Configure an AT-TLS profile

Configure an AT-TLS profile for HTTPS on the z/OS® system you want to use for the IBM® MFA web services started task.

Before you begin

You must satisfy the following prerequisites before you configure an AT-TLS profile:
  • You must have already installed and configured z/OS Communications Server and should be familiar with Application Transparent Transport Layer Security (AT- TLS) policies.
    Important: A sample AT-TLS policy is included in SYS1.SAZFSAMP(AZFTTLSX). IBM strongly recommends that if you are not already familiar with AT-TLS policies, you should start with this sample. User changeable parameters are indicated by ?XYZ?.
  • This procedure assumes that you are using a public CA. It is strongly recommended that you use a certificate issued by a well-known certificate authority (CA).
  • Subject Alternative Name (SAN) is an extension to X.509 that allows multiple values (email addresses, IP addresses, DNS host names, and so forth) that a certificate should match to be associated with the certificate using a subjectAltName field. When ordering server certificates to use with IBM MFA web services, ensure that you specify Subject Alternate Names that cover all names that a user may enter into their browser to reach the server. For example, assume you have an LPAR named LP13 with two TCP/IP stacks, and the host names are lp13 and lp13tcpip2. The Subject Alternate Name attributes should be as follows. The DNS names and IP addresses are for example purposes only.
    DNS Name=lp13.yourcompany.com
    DNS Name=lp13
    DNS Name=lp13tcpip2.yourcompany.com
    DNS Name=lp13tcpip2
    DNS Name=10.168.54.96
    DNS Name=192.168.55.113
    IP Address=10.168.54.96
    IP Address=192.168.55.113
    When you specify Subject Alternate Names, the base Subject Distinguished Name (DN) CN attribute is not used by the browser to validate the certificate. See https://tools.ietf.org/html/rfc6125 for reference information.

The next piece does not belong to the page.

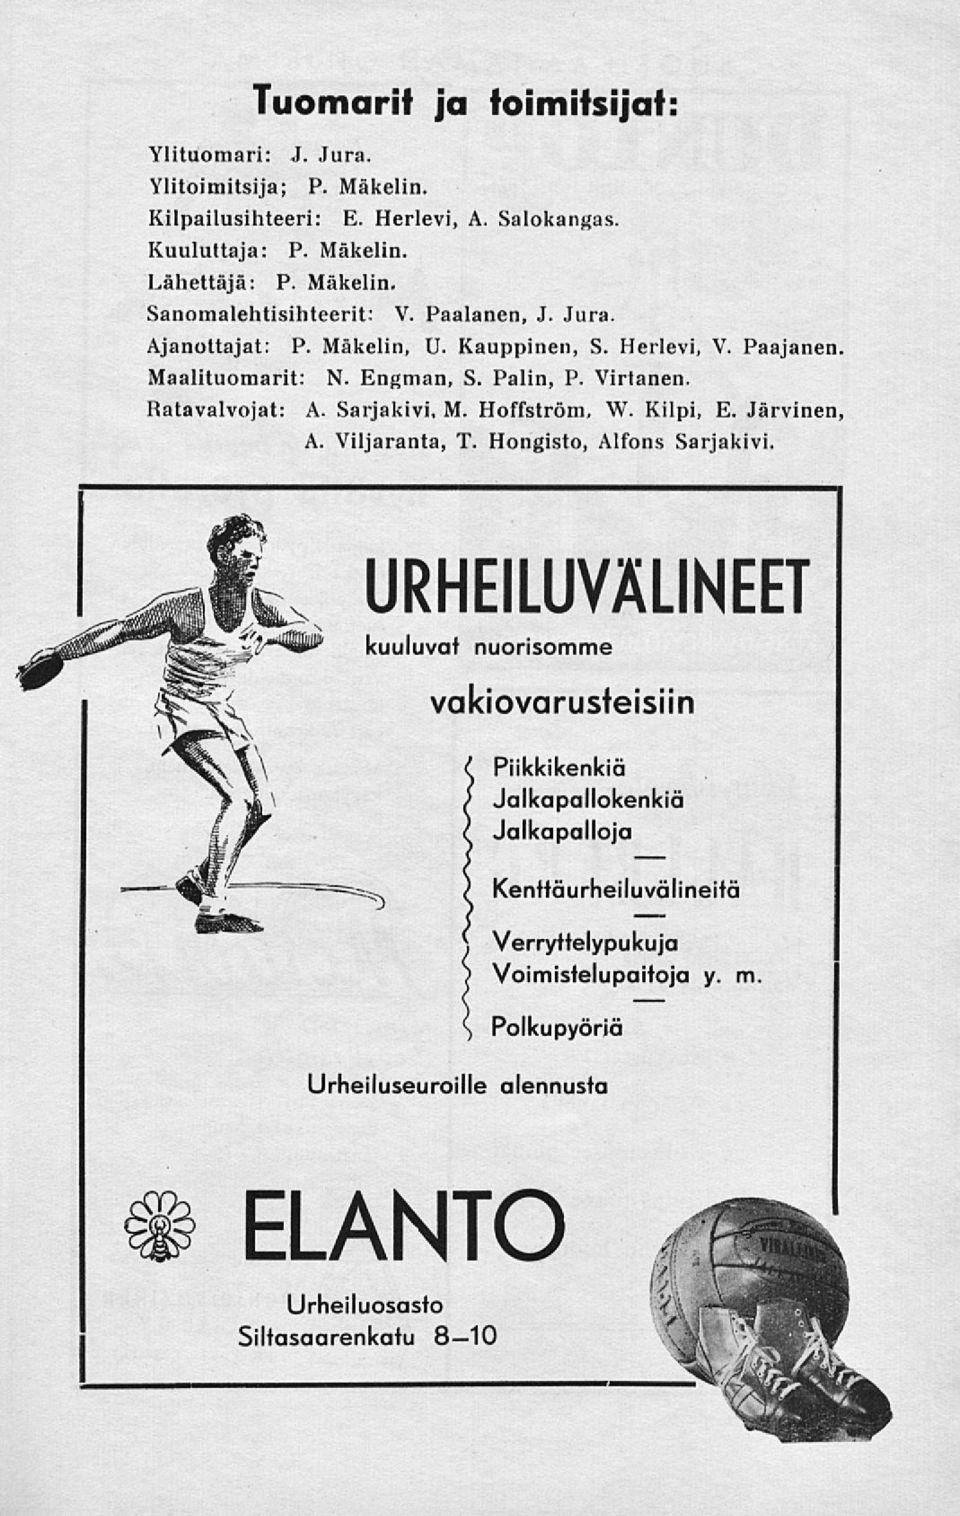 Hoffström, W. Kilpi, E. Järvinen, A. Viljaranta, T. Hongisto, Alfons Sarjakivi.

This procedure briefly summarizes the steps to create an AT-TLS policy for your convenience. See z/OS Communications Server: IP Configuration Guide and z/OS Communications Server: IP Configuration Reference for complete information.

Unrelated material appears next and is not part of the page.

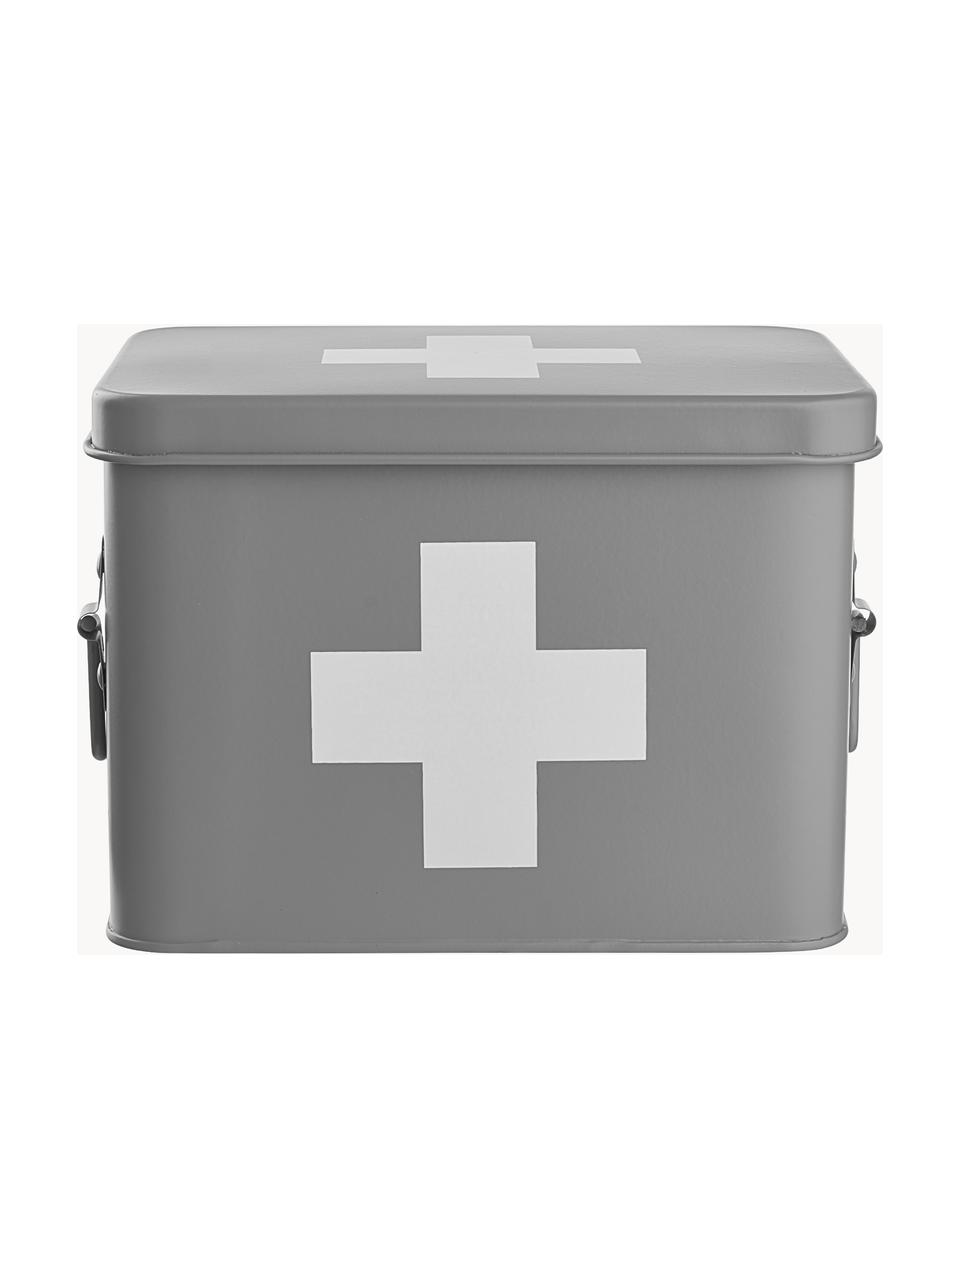 Aufbewahrungsbox Medic, Metall, beschichtet, Grau, Weiss, B 22 x H 16 cm

You might also find (IBM z/OS V2R1 Communications Server TCP/IP Implementation Volume 4: Security and Policy-Based Networking http://www.redbooks.ibm.com/redbooks/pdfs/sg248099.pdf) to be a useful resource.

About this task

AT-TLS policy conditions consist of a variety of selection criteria that act as filters for AT-TLS rules. Traffic can be filtered based on local addresses, remote addresses, local port range, remote port range, job name, user identification, and direction.

On the z/OS system you want to use for the IBM MFA web services started task, perform the following tasks:
Important: The ALTNAME portion of the SYS1.SAZFSAMP(AZFTTLSX) sample describes how to specify more than one IP address to contact the IBM MFA server.

Procedure

  1. Create the certificate authority if you do not already have one. This command creates a new CA certificate (and private key) and adds it to the CERTAUTH store. Replace ?CA-yyyy-mm-dd? with the preferred expiration date of the CA certificate.
    RACDCERT GENCERT CERTAUTH SUBJECTSDN(CN('MFA CERT AUTH')) SIZE(2048) 
    NOTAFTER(DATE(?CA-yyyy-mm-dd?)) WITHLABEL('server cert root CA label') 
    KEYUSAGE(CERTSIGN)
  2. Refresh the RACF® DIGTCERT class.
    SETROPTS RACLIST(DIGTCERT) REFRESH
  3. It is a best practice to also create an intermediate certificate authority if you do not already have one. This command creates a new intermediate CA certificate (and private key) and adds it to the CERTAUTH store. Replace ?CA-yyyy-mm-dd? with the preferred expiration date of the CA certificate.
    RACDCERT GENCERT CERTAUTH SUBJECTSDN(CN('MFA INTERMEDIATE CERT AUTH')) SIZE(2048)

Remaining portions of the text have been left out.